We can ignore the order of the output results.

Original idea:

1. Select a shorter array 2 Compare the values in the short array with those in the long array and output equal values

(the problem lies in 1. How to select a shorter array is the intersect(nums2,nums1) in method 2, but I didn't expect to use the hash table to record the occurrence times of each value; 2. Thought of using two pointers to compare arrays, but didn't think of sorting)

Train of thought correction:

1. Sorting method

(1) Create two pointers I and j, pointing to the first place of the array respectively
(2) Create a temporary stack to store the result set
(3) Compare the value of the position indicated by the pointer; if the two values are different, move the small one backward; if the two values are equal, press the intersection into the stack and move the two pointers backward
(4) The end of an array traversal means that there will be no intersection between the two

class Solution {
public:
    vector<int> intersect(vector<int>& nums1, vector<int>& nums2) {
        sort(nums1.begin(),nums1.end());
        sort(nums2.begin(),nums2.end());
        int length1=nums1.size();
        int length2=nums2.size();
        vector<int>result;
        int p1=0,p2=0;
        while(p1<length1&&p2<length2){
            if(nums1[p1]<nums2[p2]){
                p1++;
            }else if(nums1[p1]>nums2[p2]){
                p2++;
            }else{
                result.push_back(nums1[p1]);
                p1++;
                p2++;
            }
        }
        return result;
    }
};//4ms 9.7MB

The second way to write:

class Solution {
public:
    vector<int> intersect(vector<int>& nums1, vector<int>& nums2) {
		sort(begin(nums1),end(nums1));
		sort(begin(nums2),end(nums2));
		int i=0,j=0,k=0;
		while(i<nums1.size()&&j<nums2.size()){
			if(nums1[i]<nums2[i]){
				++i;//Pointer i moves back
			}else if(nums1[i]>nums2[i]){
				++j;//Pointer j moves back
			}else{
				nums1[k++]=nums1[i++];//When equal, add the number to nums1 (save space) and move the pointer back
				++j;
			}
		}
		return vector<int>(begin(nums1),begin(nums1)+k);//Returns the first k elements in nums1
	}
};

 

2. hash table

map mapping relationship: < element, occurrence times >
//The same number may appear multiple times in both arrays -- > use the hash table to store the number of occurrences of each number
//For a number, the number of occurrences in the intersection = the minimum number of occurrences of the number in two arrays
//hash table mapping for smaller arrays
//1. Traverse the first array and record the number of occurrences of each number in the hash table
//2. Traverse the second array.
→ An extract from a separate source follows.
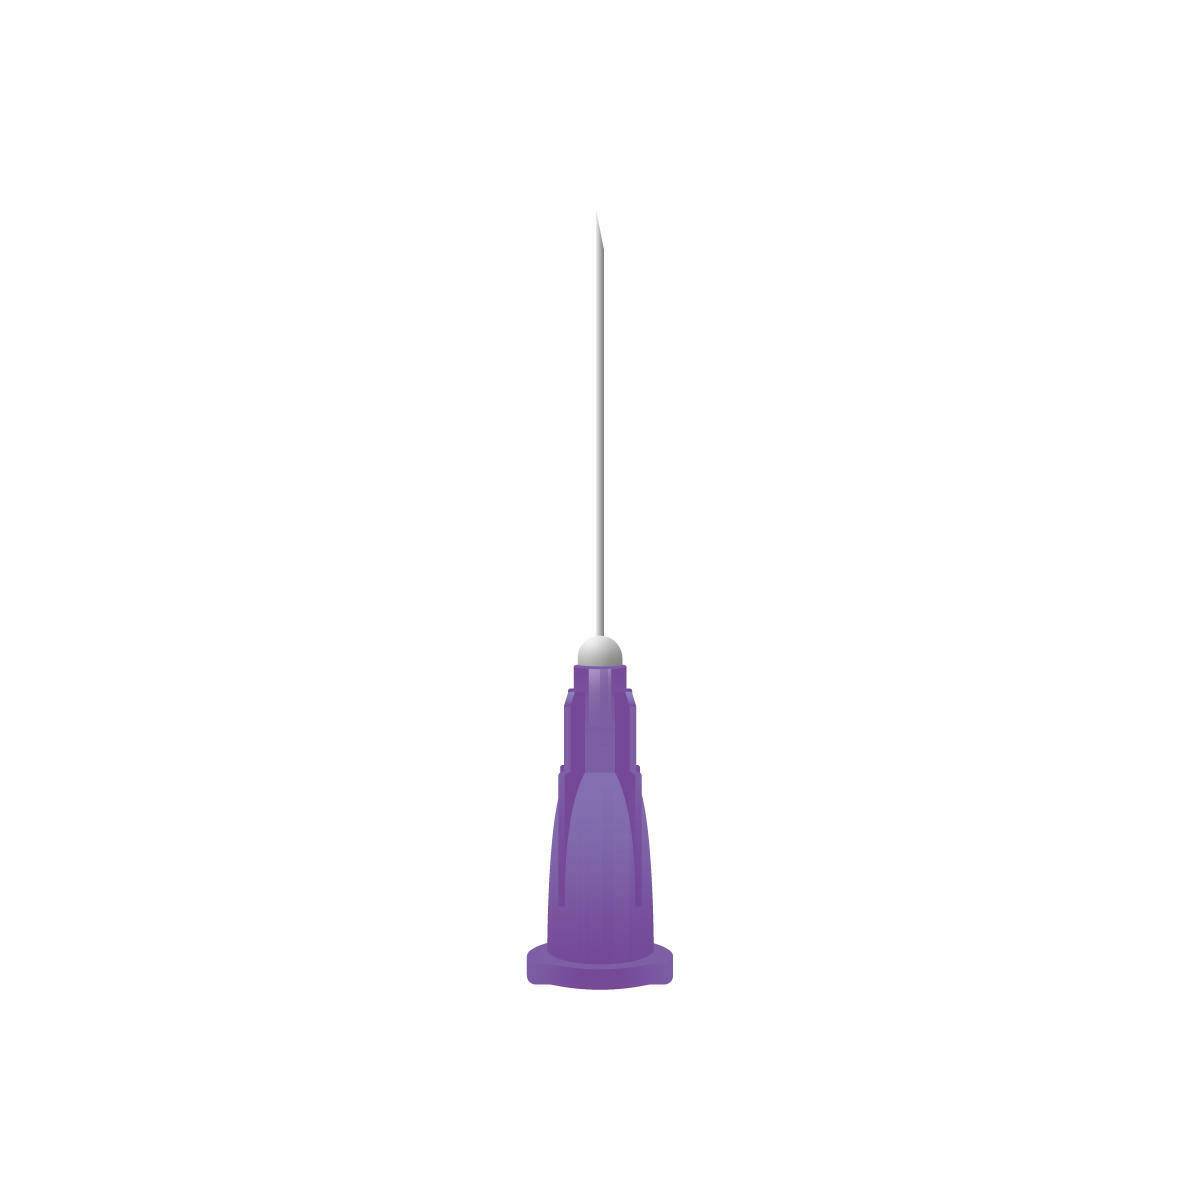 24g Purple 1 inch BD Microlance Needles (25mm x 0.55mm) 304100 UKMEDI.CO.UK
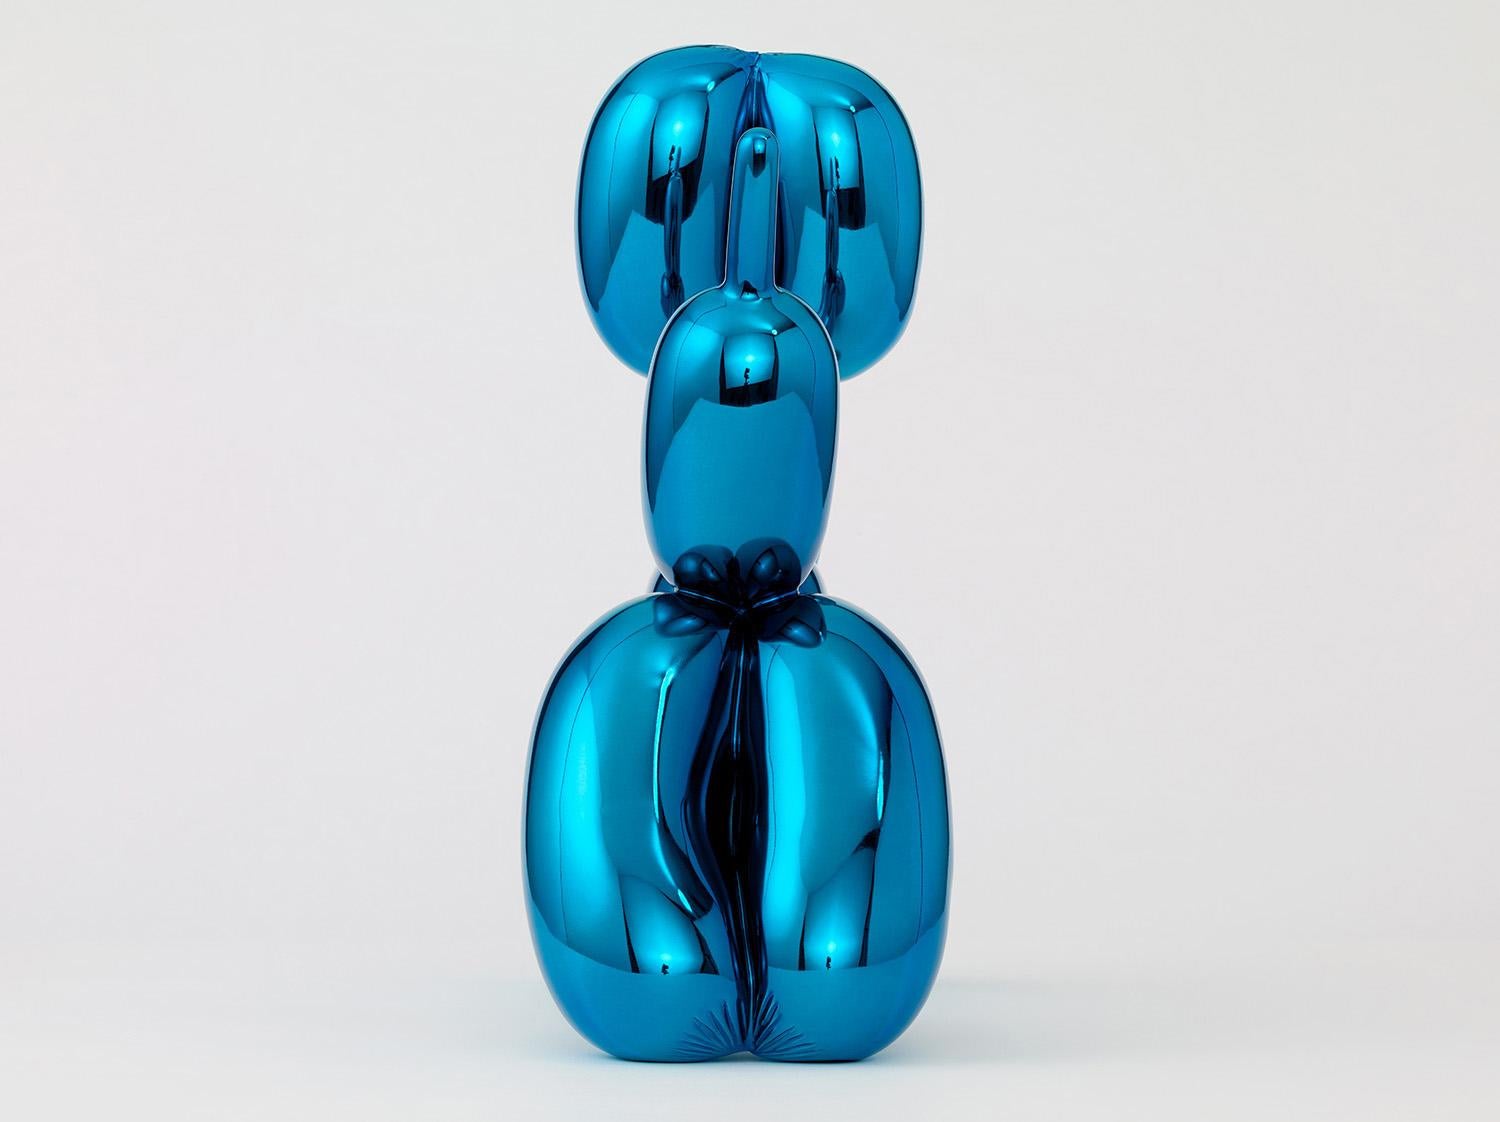 Balloon Dog (Blue) - Gray Still-Life Sculpture by Jeff Koons

If this number exists in the hash table, add it to the answer and reduce the corresponding times in the hash table

The first way to write:

class Solution {
public:
    vector<int> intersect(vector<int>& nums1, vector<int>& nums2) {
		if(nums1.size()>nums2.size()){
			return intersect(nums2,nums1); //Exchange nums2,nums1; Make nums1 the smallest array
		}
		//Construct the hash table of nums1
		unordered_map<int,int>m;//hash table m
		for(int num:nums1){  //Simplified circular writing
			/*for (int i = 0; i < nums1.size();i++) {
			int num = nums1[i];
           */
			++m[num];  //Number of occurrences of each value in num1
		}
		vector<int>intersection:
		for(int num:nums2){  //Traverse nums2
			if(m.count(num)){ 
				intersection.push_back(num);
				--m[num]; //Reduce the corresponding element count in m, that is, the value in the hash table is reduced
				if(m[num]==0){
					m.erase(num);//Delete num
				}
			}
		}
		return intersection;
	}
};

The second way to write:

class Solution {
public:
    vector<int> intersect(vector<int>& nums1, vector<int>& nums2) {
		if(nums1.size()>nums2.size()){
			return intersect(nums2,nums1); //Exchange nums2,nums1; Make nums1 the smallest array
		}
		//Construct the hash table of nums1
		unordered_map<int,int>m;//hash table m
		for(int num:nums1){
			++m[num];  //Number of occurrences of each value in num1
		}
		int k=0;
		for(int num:nums2){  //Traverse nums2
			int it=m.find(num);
			if(it !=end(m)&&--it->second>=0){ //If it exists and is positive, copy it to the count of the corresponding element in nums1[k]
				nums1[k++]=num;
			}
		}
		return vector(begin(nums1),begin(nums1)+k);//Returns the first k elements in nums1
	}
};

121. The best time to buy and sell stocks

Given an array prices, its ith element prices[i] represents the price of a given stock on day I.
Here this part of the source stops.